FutureWater has successfully completed the development and pilot testing of WatNEX: A  Water Accounting Engine to support Water, Energy, Food, ecosystem (WEFe) decision making – in close collaboration with the Food and Agriculture Organization of the United Nations (FAO). The project was implemented under FAO’s inter-Regional Technical Platform on Water Scarcity (iRTP-WS) for the 2024–2025 biennium.

WatNEX addresses the growing need for integrated, data-driven approaches to manage water scarcity, climate change impacts and competing sectoral demands. Decision-makers often rely on fragmented data and sector-specific tools, limiting their ability to assess trade-offs across water, energy, food and ecosystems. WatNEX responds to this challenge by providing a unified, transparent framework to support coherent WEFE nexus analysis and evidence-based decision-making.

The project began with an extensive consultation process involving WEFe experts and practitioners from Asia-Pacific, the Near East and North Africa, and Latin America and the Caribbean. Insights from literature review, interviews and surveys directly informed the design of the tool, ensuring that WatNEX is both scientifically robust and practically relevant.
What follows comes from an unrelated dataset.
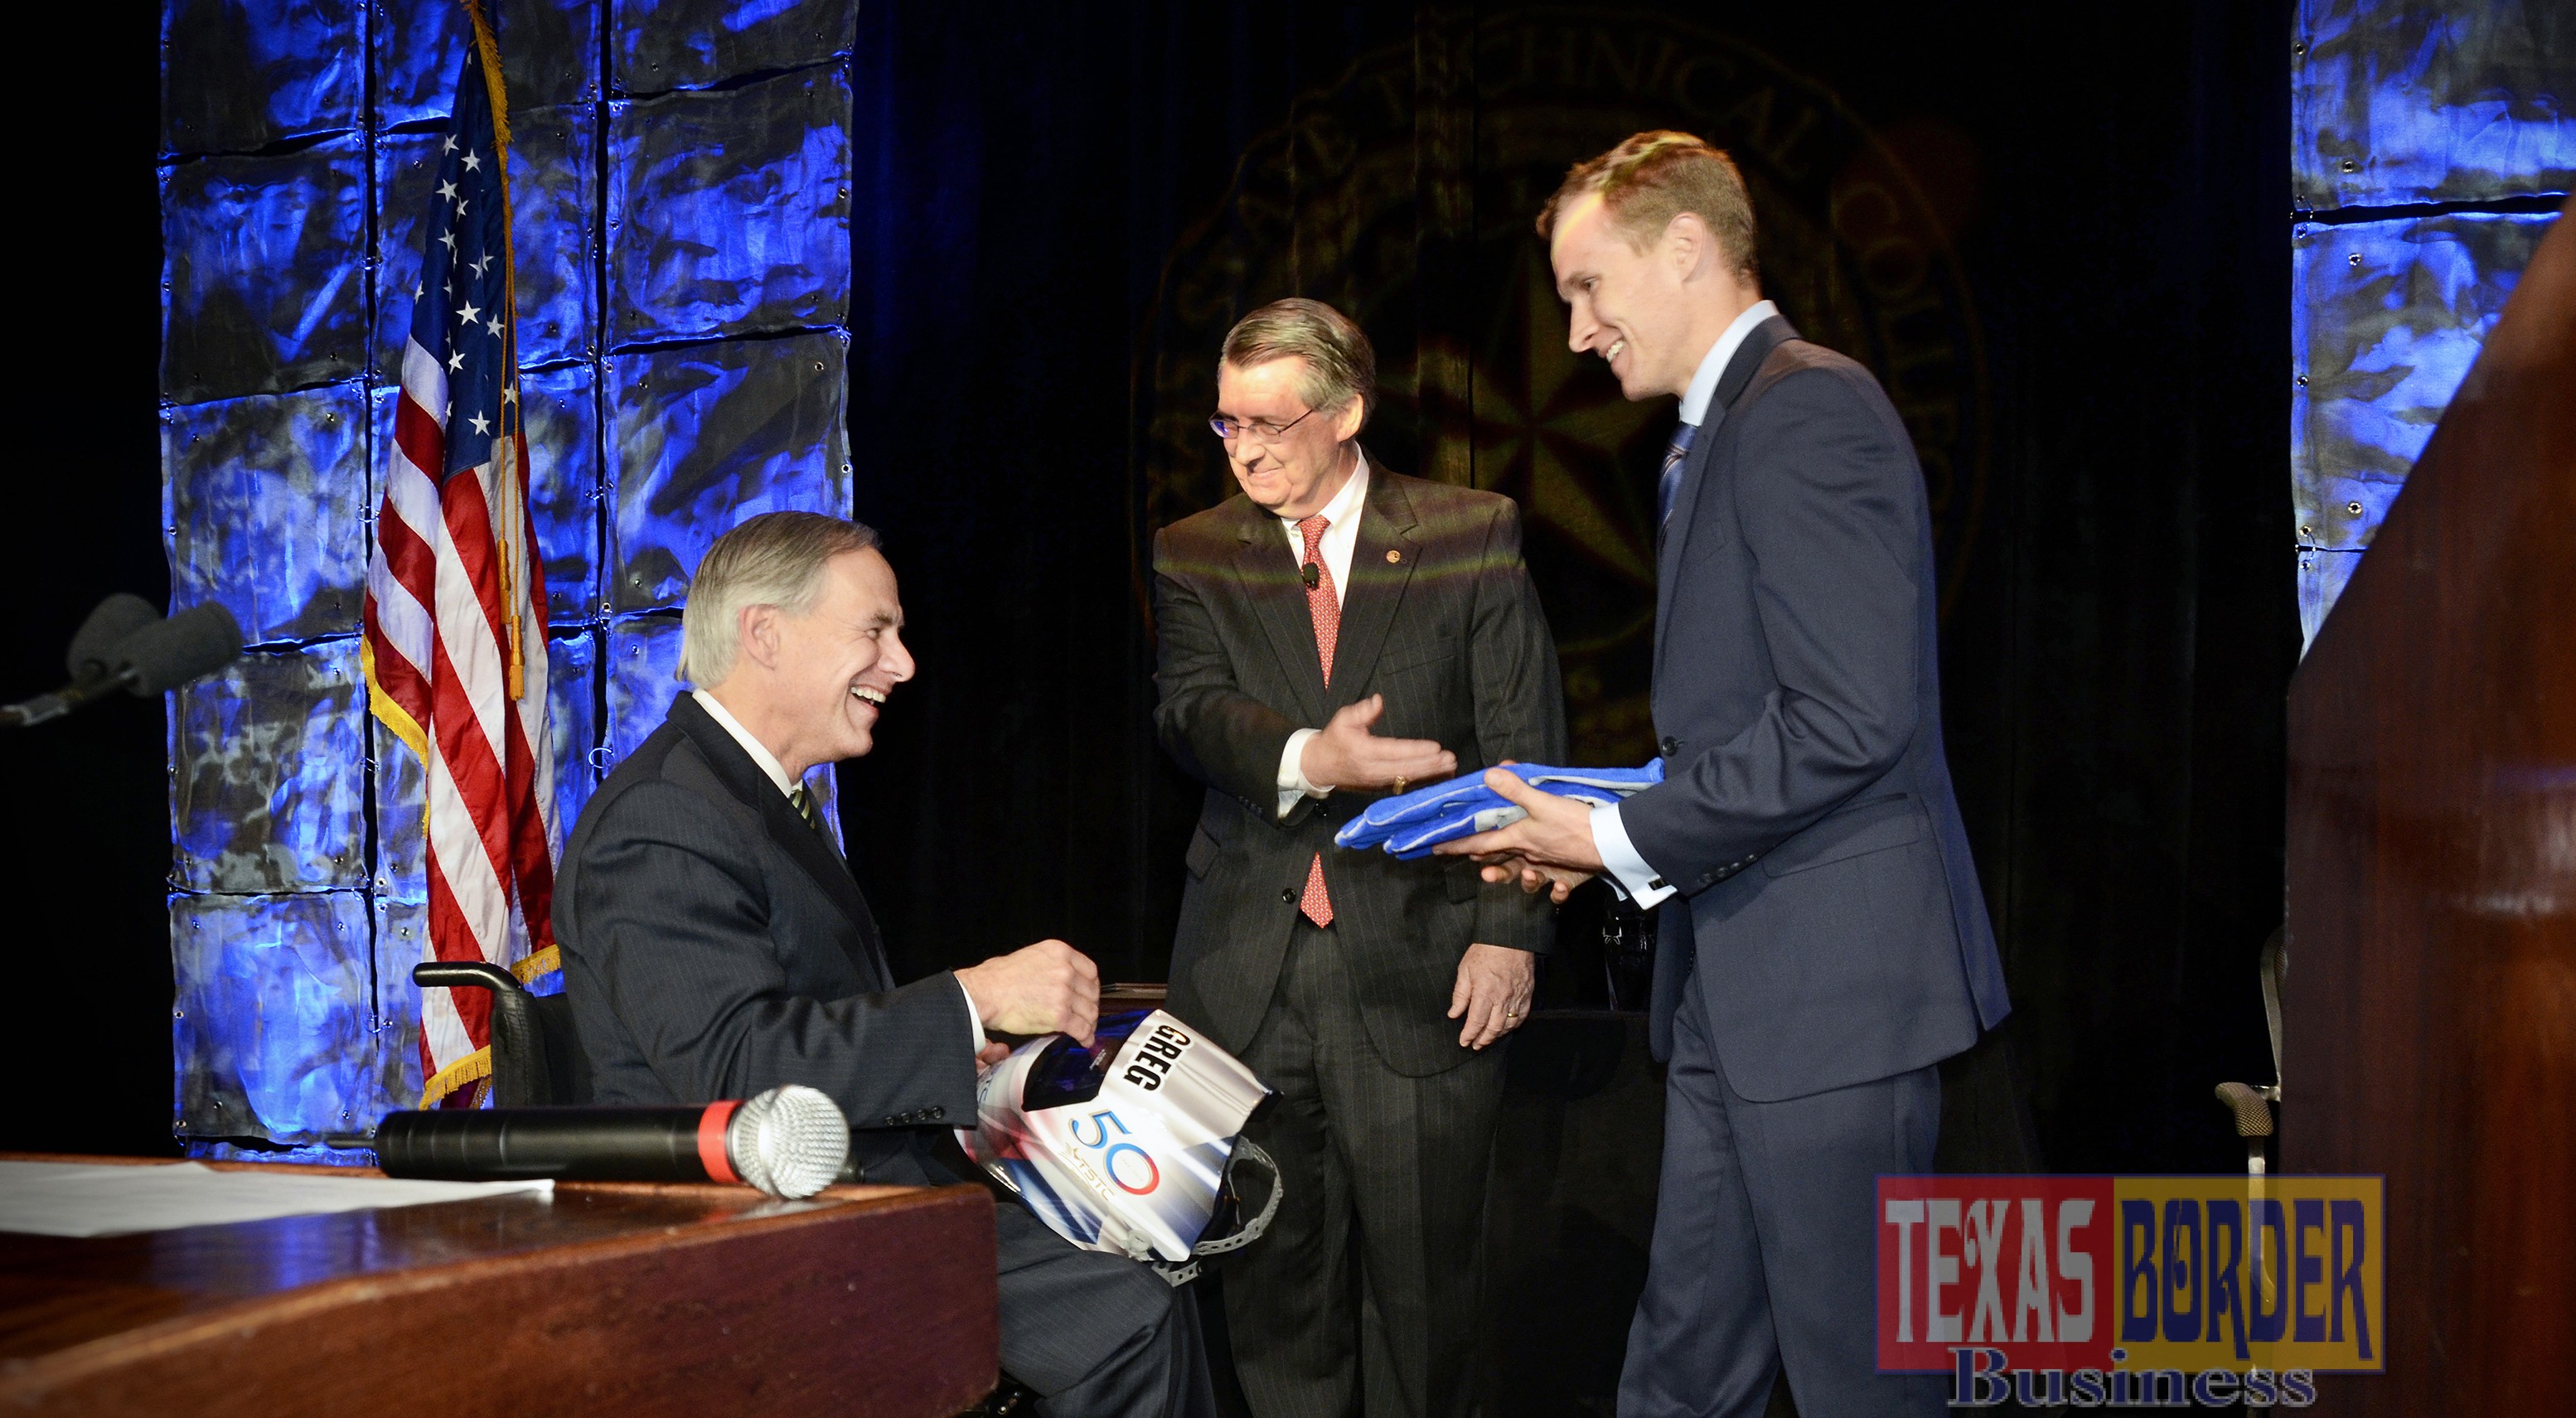 TSTC graduate Justin Friend and Chancellor Michael L. Reeser present Governor Greg Abbott with a personalized welding helmet and heat-resistant gloves at TSTC's 50th Anniversary Celebration.

Key features of WatNEX include:

  • A modular and scalable structure, with water accounting as the core component
  • Optional integration of energy, food and ecosystem dimensions
  • A user-friendly Excel-based interface linked to the WEAP modelling framework
  • Scenario analysis to assess future projections and policy interventions

WatNEX was piloted in three contrasting river basins: i) Tuul River Basin in Mongolia, ii) Lower Majerda Basin in Tunisia, and iii) Chancay–Lambayeque Basin in Peru, demonstrating its applicability across diverse hydrological and socio-economic contexts. The case studies showed how the tool can quantify water balances, identify sectoral supply–demand gaps, and highlight trade-offs across the WEFE nexus, such as increased energy use linked to measures that reduce water shortages.

The technical development was complemented by an online launch and three cross-regional workshops held in November 2025. Nearly 60 participants from more than 12 countries, representing ministries, research institutes, universities and development organizations, were trained on water accounting concepts and the practical use of WatNEX. Feedback was highly positive, highlighting the clarity of visual outputs, the intuitive interface and the relevance of the tool for strengthening evidence-based decision-making.

With WatNEX successfully delivered, FutureWater and FAO are exploring next steps to further strengthen the tool, including expanded datasets, additional policy-relevant indicators and broader capacity-building activities.